» **Exercise objective**
Entries below include pictures. Output exactly the lines from the one with "Miniature of Jane Addams medal" down to the one with "Diflucan 150 mg - 1 Capsule - Bloom Pharmacy", both ends included, and leave the pictures out.

» **Record extracts**
^^^^^^^^^^^^^^^^

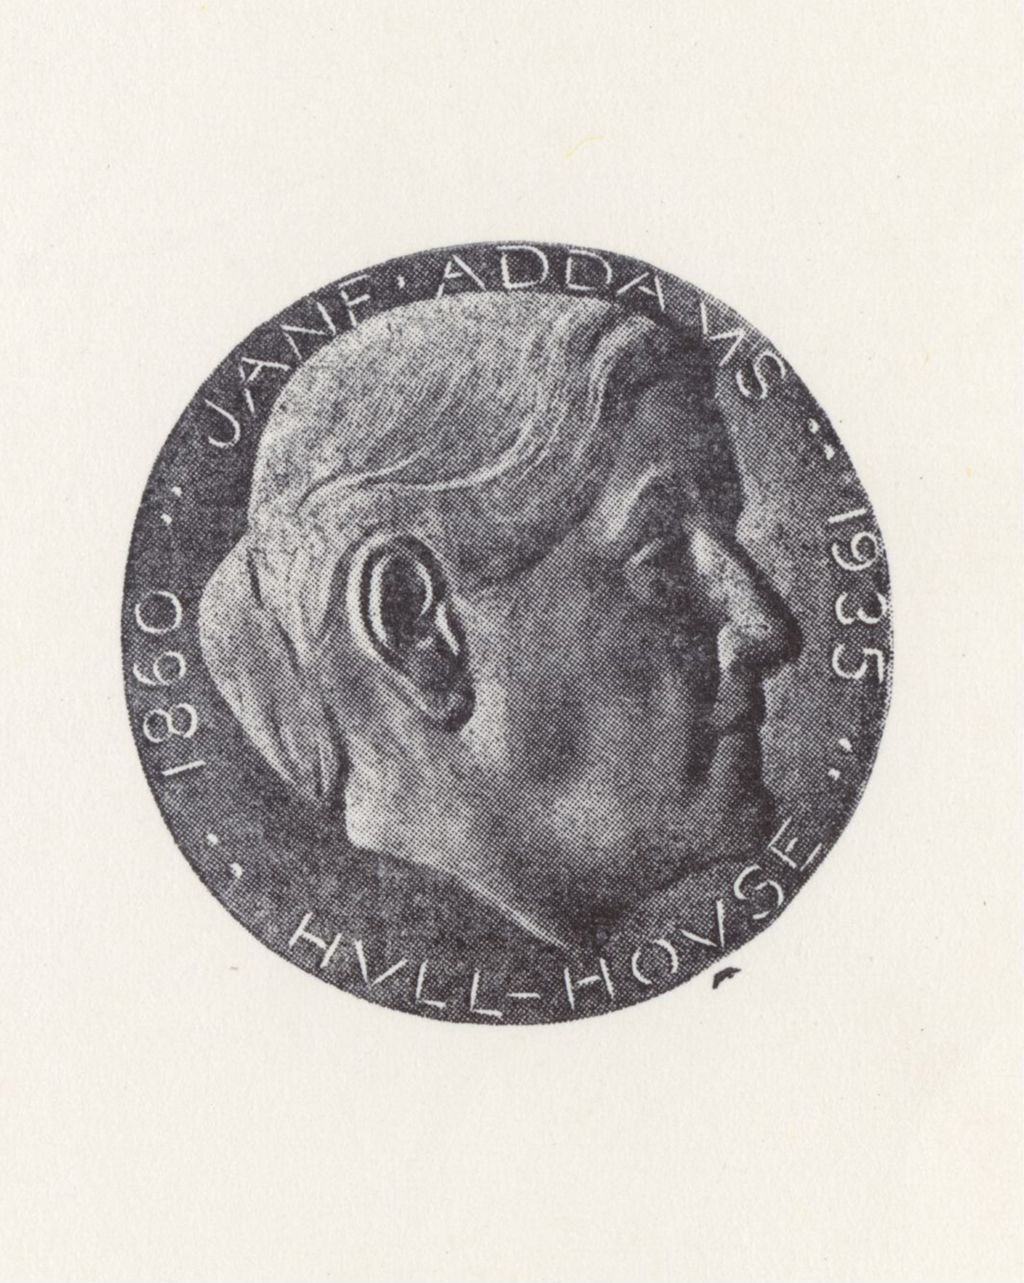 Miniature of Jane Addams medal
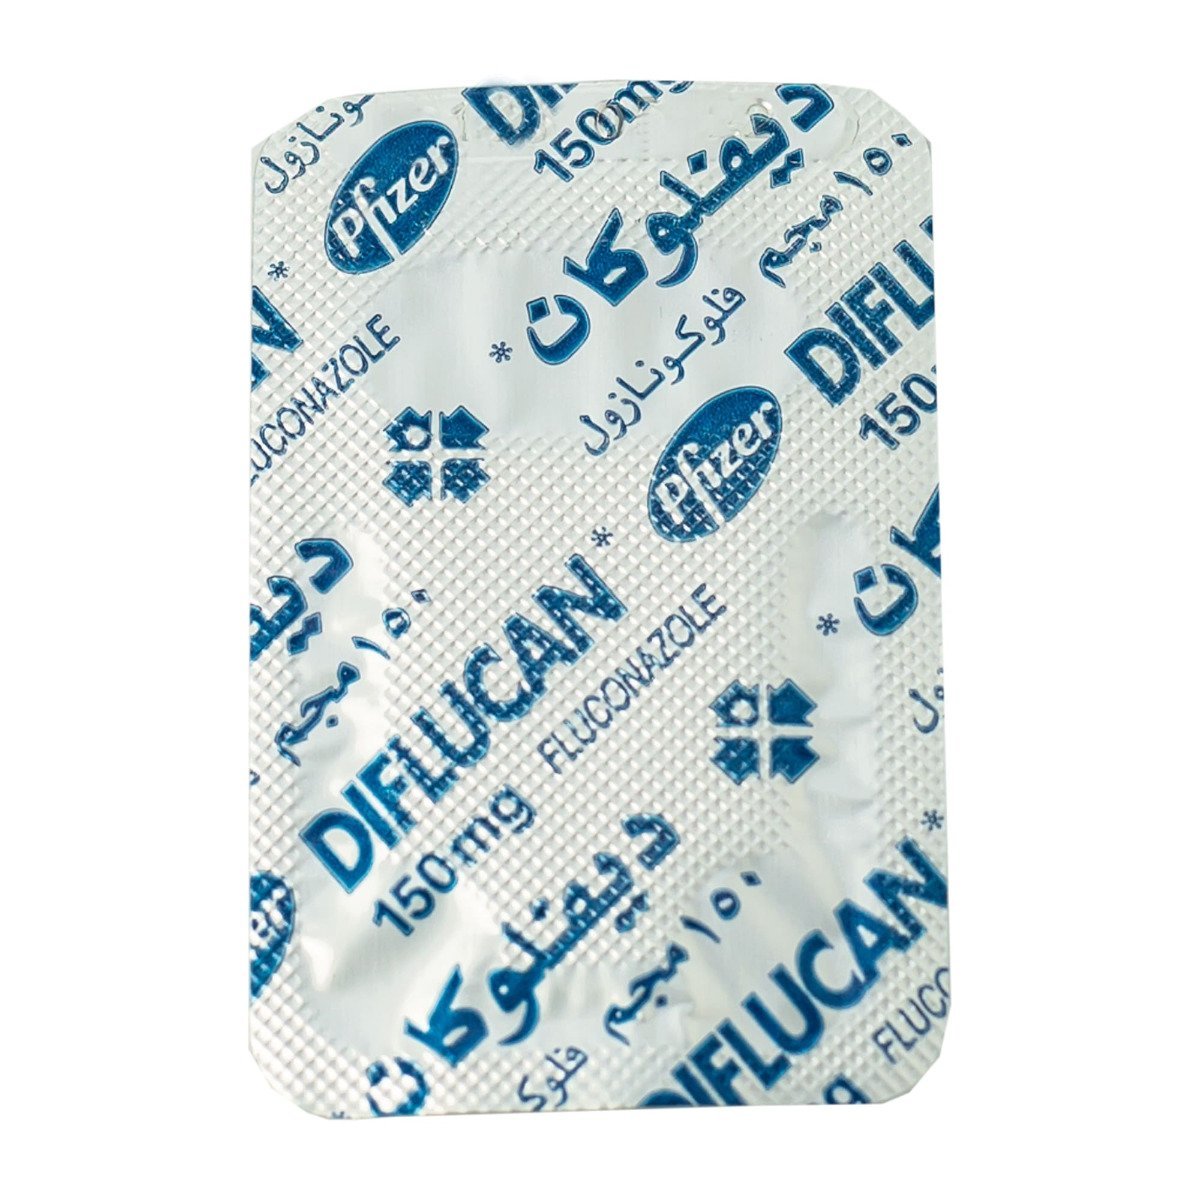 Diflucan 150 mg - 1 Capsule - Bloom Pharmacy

^^^^^^^^^^^^^^^^

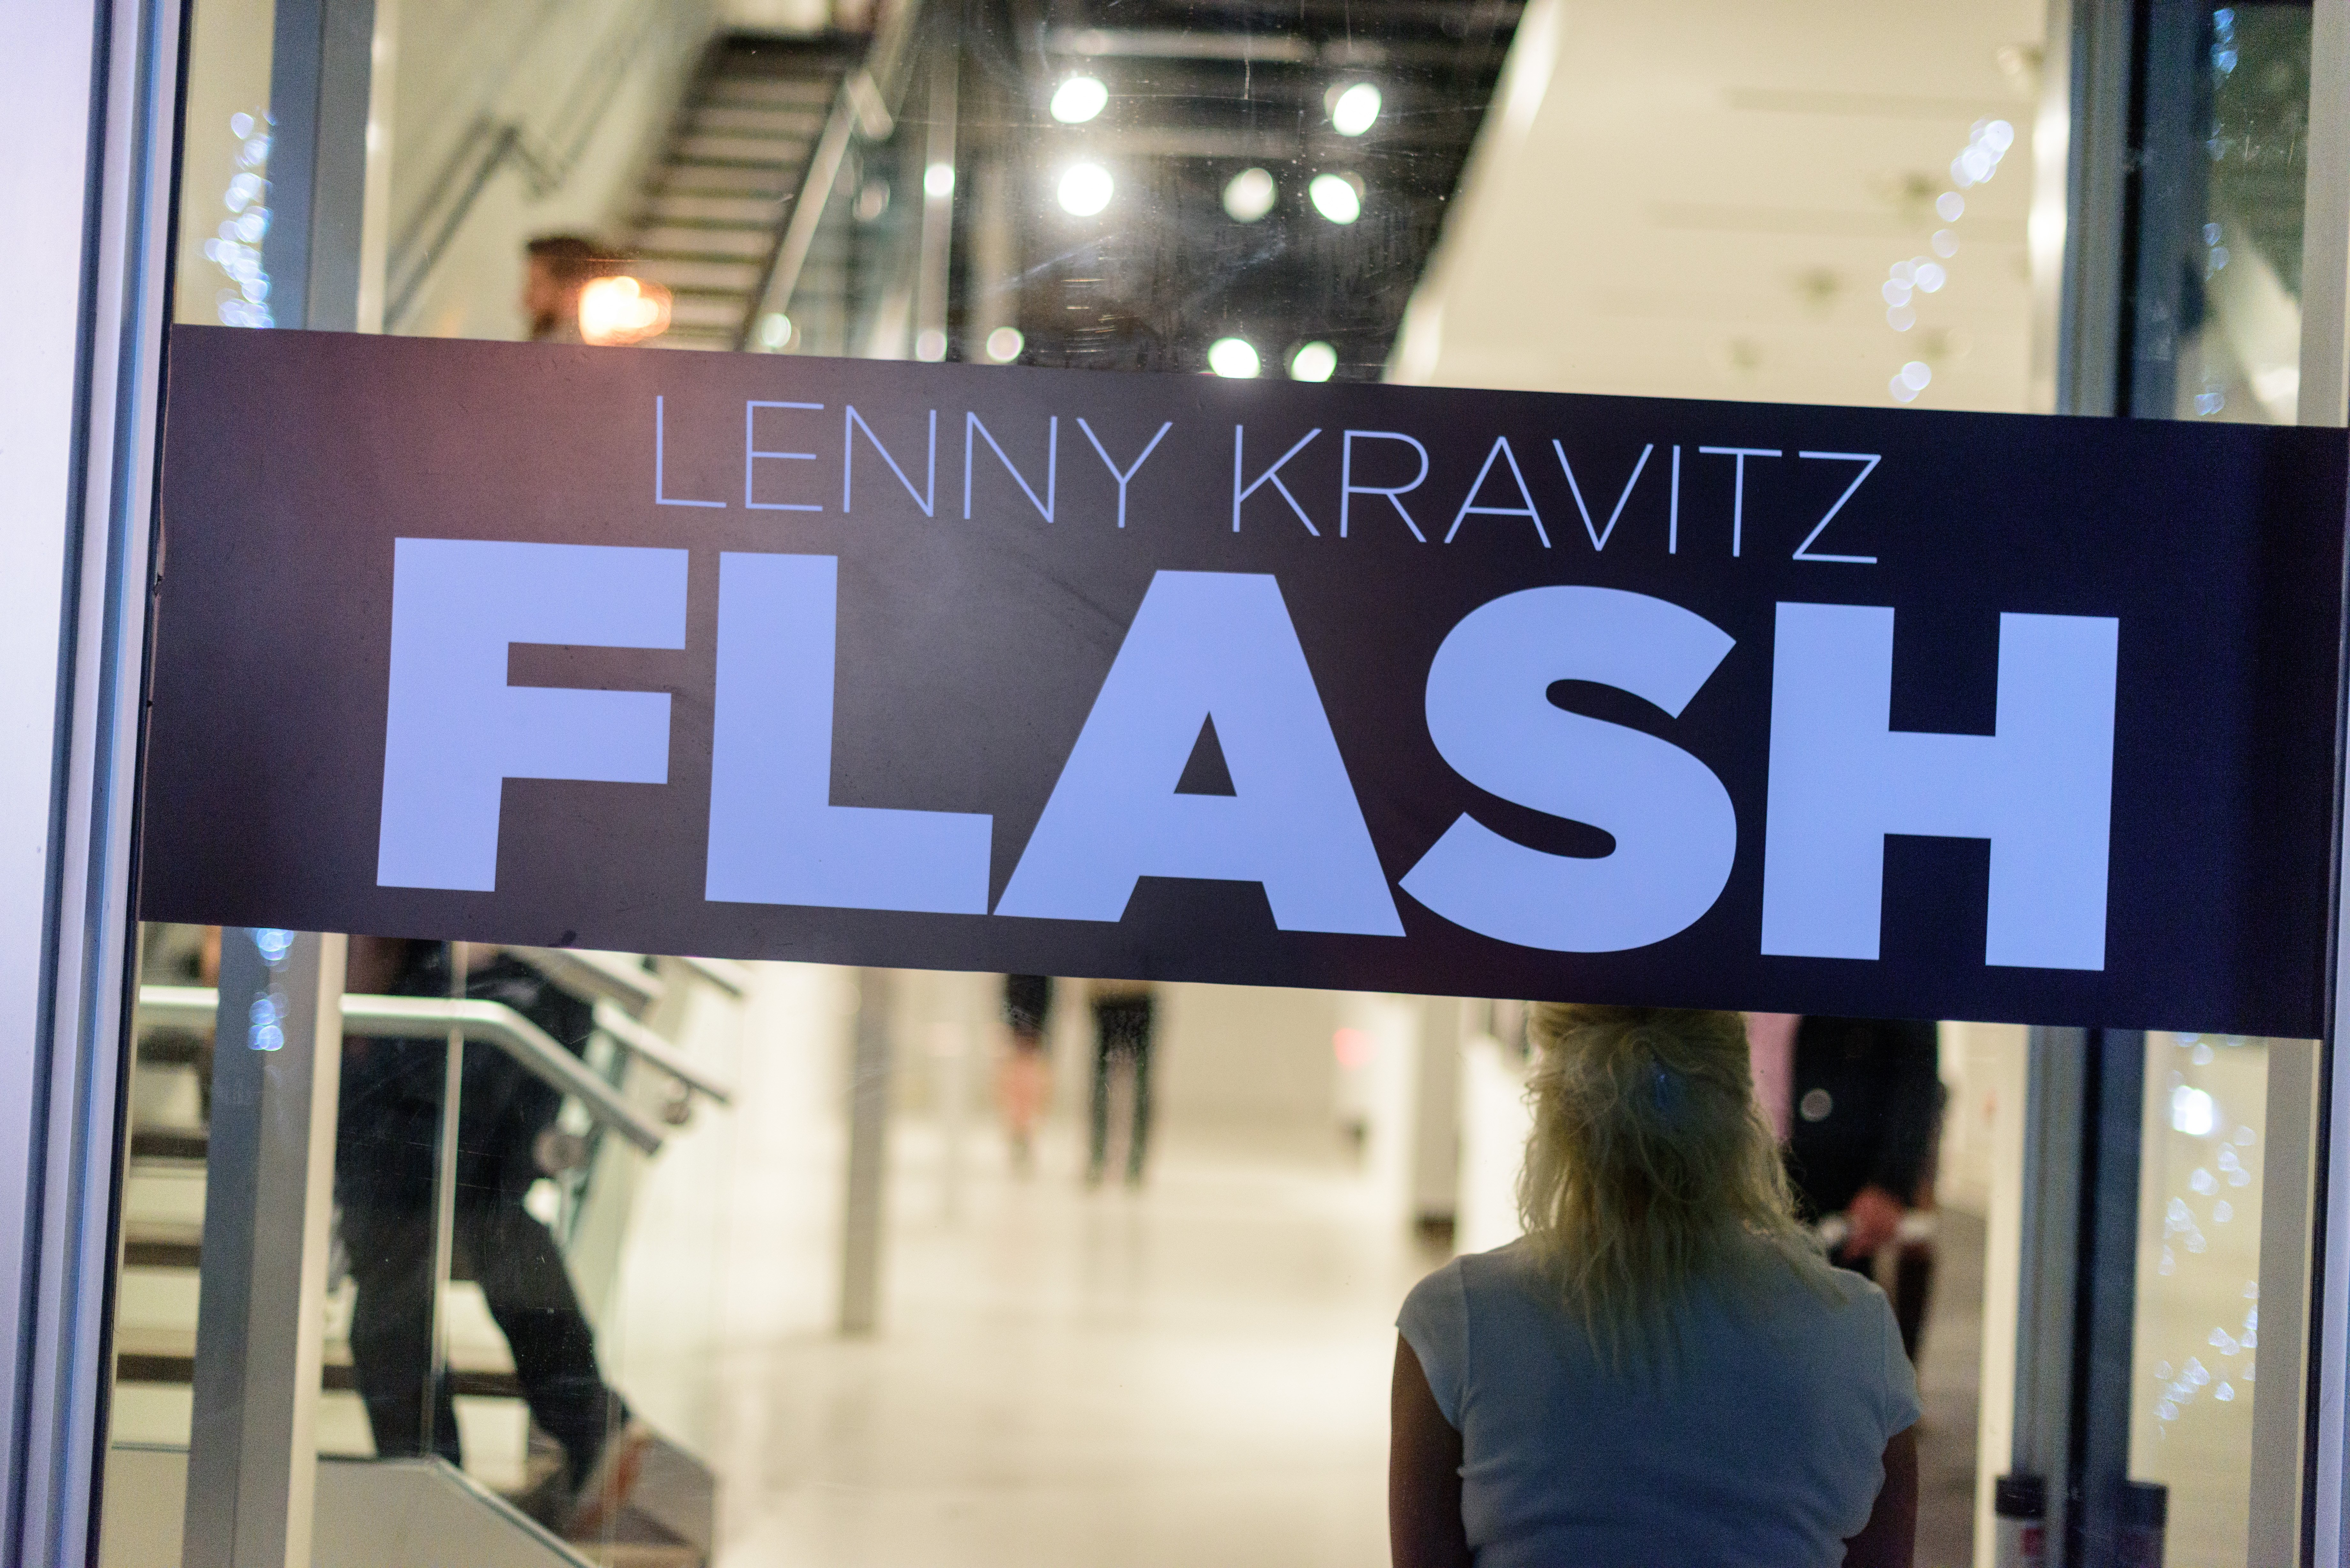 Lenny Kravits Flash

^^^^^^^^^^^^^^^^

» **Finished exercise**
 Miniature of Jane Addams medal
 Diflucan 150 mg - 1 Capsule - Bloom Pharmacy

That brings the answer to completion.